How Oil Becomes The Jealous Mistress

how oil becomes the jealous mistress daily scrolldown

When oil is at stake, principles often bend. Venezuela shows how energy wealth still drives power, profit, and intervention in a world talking about green futures

The United States launched a sudden military operation in early January 2026 targeting Venezuela’s capital and security infrastructure. The mission captured President Nicolás Maduro and his wife, Cilia Flores, and flew them to the US to face criminal charges. Donald Trump later said Washington would help run Venezuela until a political transition takes place.

Such an action is rare in modern history. International law experts warn it likely violates Article 2.4 of the UN Charter, which bans the use of force against another country’s territorial integrity without Security Council approval or clear self-defense grounds.

Oil’s Shadow Behind the Headlines

Venezuela holds the world’s largest proven crude oil reserves, about 303 billion barrels, roughly 17 percent of the global total. Yet production remains low. Years of mismanagement, underinvestment, sanctions, and economic collapse have pushed output to around 0.8 to 1.1 million barrels per day, far below its past peak of over 3.5 million.

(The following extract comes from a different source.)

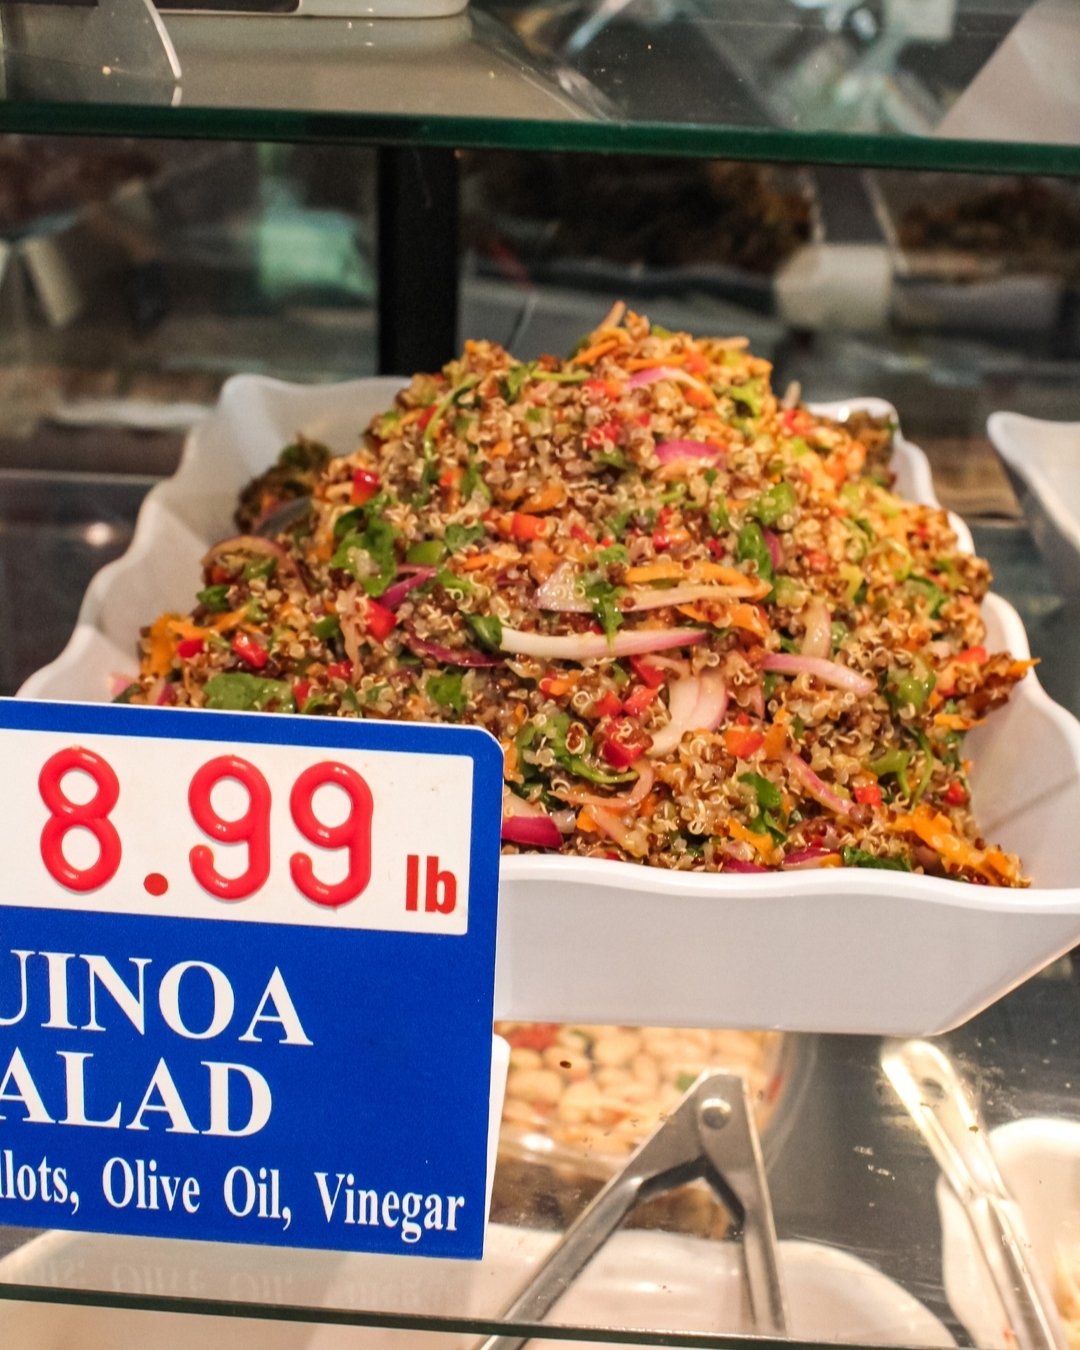 Need a side salad for your BBQs this weekend? Try our house made quinoa salad - made fresh every day. 

#bethesdamd #shoplocal

Oil itself is not easy wealth. Most Venezuelan crude is extra heavy and sour, making it expensive and technically difficult to refine compared to lighter oil produced in the US and Middle East.

Why Oil Still Matters

Despite talk of electric vehicles and green energy, the global economy still runs on oil. Energy wealth continues to shape geopolitics, and Trump openly framed the Venezuela operation as a chance for US companies to rebuild and profit from the country’s oil sector.

Why It Won’t Be Easy

Restoring Venezuela’s oil industry would take years and tens of billions of dollars. Infrastructure is severely degraded, production technology is complex, and investors want legal guarantees against future nationalization before committing capital.

The world loves to talk about electric vehicles, lithium, and the green future. Every summit promises a clean break from the past. Every press release says oil’s days are numbered.

But reality moves slower than headlines.

Oil is still the crown jewel of global power. It fuels economies, runs militaries, shapes alliances, and quietly decides who gets leverage and who doesn’t. Lithium may be tomorrow’s obsession, but oil still owns today.

And today still matters.

Oil Never Just Sits Underground

History has a habit of repeating itself. Whenever oil is discovered in large quantities, foreign interest follows. Sometimes politely. Sometimes not.

From the Middle East to Latin America, oil rich countries often become arenas rather than actors. Venezuela is simply the latest reminder. Official explanations talk about democracy, stability, or security. Unofficially, energy wealth sits at the center of the room, pretending it’s not the reason everyone showed up.

Oil does not cause intervention by itself. But it makes intervention tempting.

When Power Writes Its Own Rules

This is where the uncomfortable questions begin.

Suddenly it is about order, transition, or responsibility.

International law cannot survive on selective enforcement. Principles lose meaning when power decides when to follow them.

Oil Money Does More Than Build Economies

Oil revenue does not just fill state coffers. It reshapes politics. It attracts intelligence agencies, foreign advisers, and quiet influence campaigns. History has seen this before, especially in Iran during the twentieth century, where leadership and oil interests became deeply entangled.

Where oil flows, attention follows. Where attention follows, sovereignty often weakens.

This is not conspiracy. It is pattern recognition.

The Green Shift Is Real, Just Not Ready

The global transition to cleaner energy is happening. But transitions take decades, not declarations. Oil still powers transport, industry, plastics, and large parts of daily life. Until alternatives can fully replace it at scale, crude remains the backbone of energy security.

That reality explains Venezuela’s importance better than any speech.

Oil is not just a resource.
It is leverage.
It is temptation.
It is power.

And until the world truly moves beyond it, oil will remain what it has always been in global politics: the jealous mistress no superpower can quite let go of.